The small nursery is home to one of 30 air-quality monitors collecting data in the Uintah Basin this winter — devices that researchers at Utah State University’s Energy Dynamics Lab hope will tell them why the air goes bad in the region when the mercury drops.
“We want to understand what causes the ozone formation. What are the main reactants, the pollutants? And then understand, what are the things we can do to reduce those ozone levels?” said Scott Hill, project manager of the Uintah Basin Winter Ozone Study.
In the first three months of 2011, ground-level ozone exceeded federal standards 26 times in the Uintah Basin, according data gathered by the U.S Environmental Protection Agency. That was down from 37 days for the same period in 2010, the agency said.
The EPA is a partner in the Utah State study, as are a number of other federal, state, tribal and county entities, including the U.S. Forest Service, the National Park Service, the Bureau of Land Management, the National Oceanic and Atmospheric Administration, the Utah Department of Environmental Quality, the State School and Institutional Trust Lands Administration, the Ute Indian Tribe, Duchesne and Uintah counties, and the Uintah County Impact Mitigation Special Service District.
Researchers from the University of Colorado-Boulder are also assisting with the study, which has received support and partial funding from the Western Energy Alliance, an oil and natural gas advocacy group.
“This is very unique,” Hill said. “I’ve never been involved in a study that has brought together this many agencies and this many groups focused on a single problem.
“We have some very qualified researchers participating in this,” he added. “This is really a world-class study.”
The exploration for and production of oil and natural gas has been identified as one possible contributor to winter ozone. The processes involved emit large amounts of nitrogen oxides and volatile organic compounds, which are ozone precursors.
The USU study, which is in its second year, is looking into the apparent connection. But the study’s findings aren’t meant to influence EPA regulation of the energy industry, Hill said.
“None of the data that we’re measuring — even though it’s regulatory quality — none of it will be used for regulatory purposes,” he said. “The EPA has its own regulatory monitors set up and those are what will be used for determining regulation.”

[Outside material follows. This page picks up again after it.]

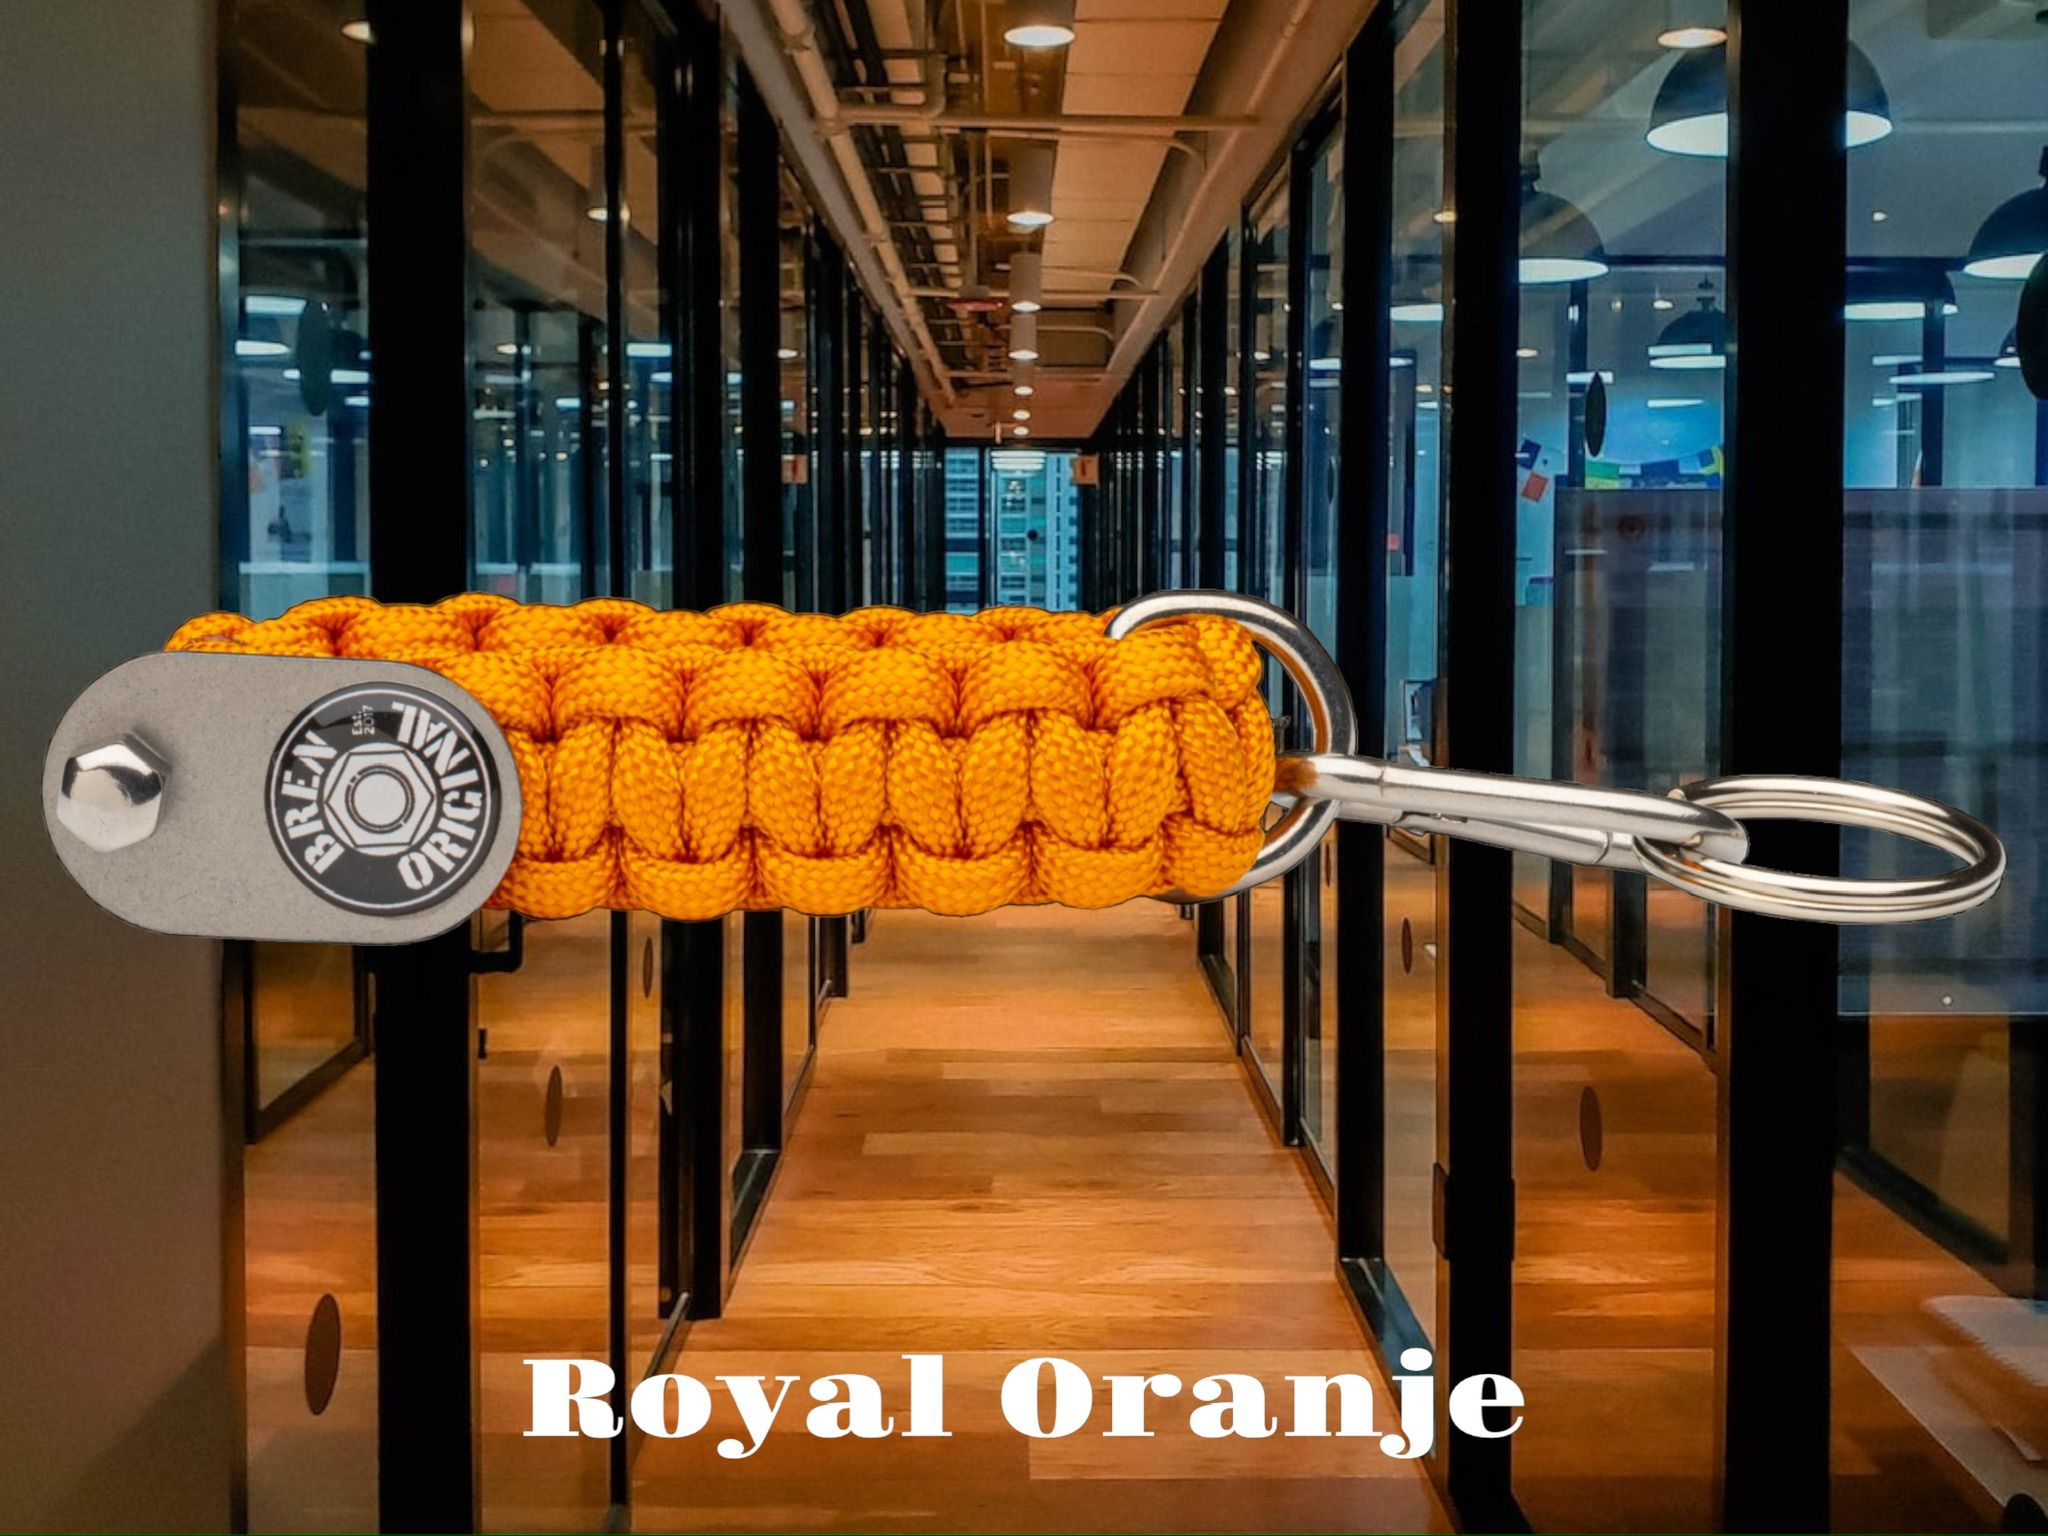 Royal Oranje

One challenge for researchers this year is that there's no snow on the ground in the Uintah Basin. The white stuff is a key component in the creation of winter ozone.
Winter ozone is produced when chemical particles from automobile exhaust and other sources is trapped under an atmospheric inversion and heated up by sunlight reflecting off the snow on the ground.
Researchers targeted this year’s study toward identifying the “detailed chemistry” of winter ozone, Hill said. They may have to rethink their plan of attack, if snow doesn’t arrive soon.
“We probably would scale that study down and do it in a year when there is more snow and more ozone being produced,” Hill said.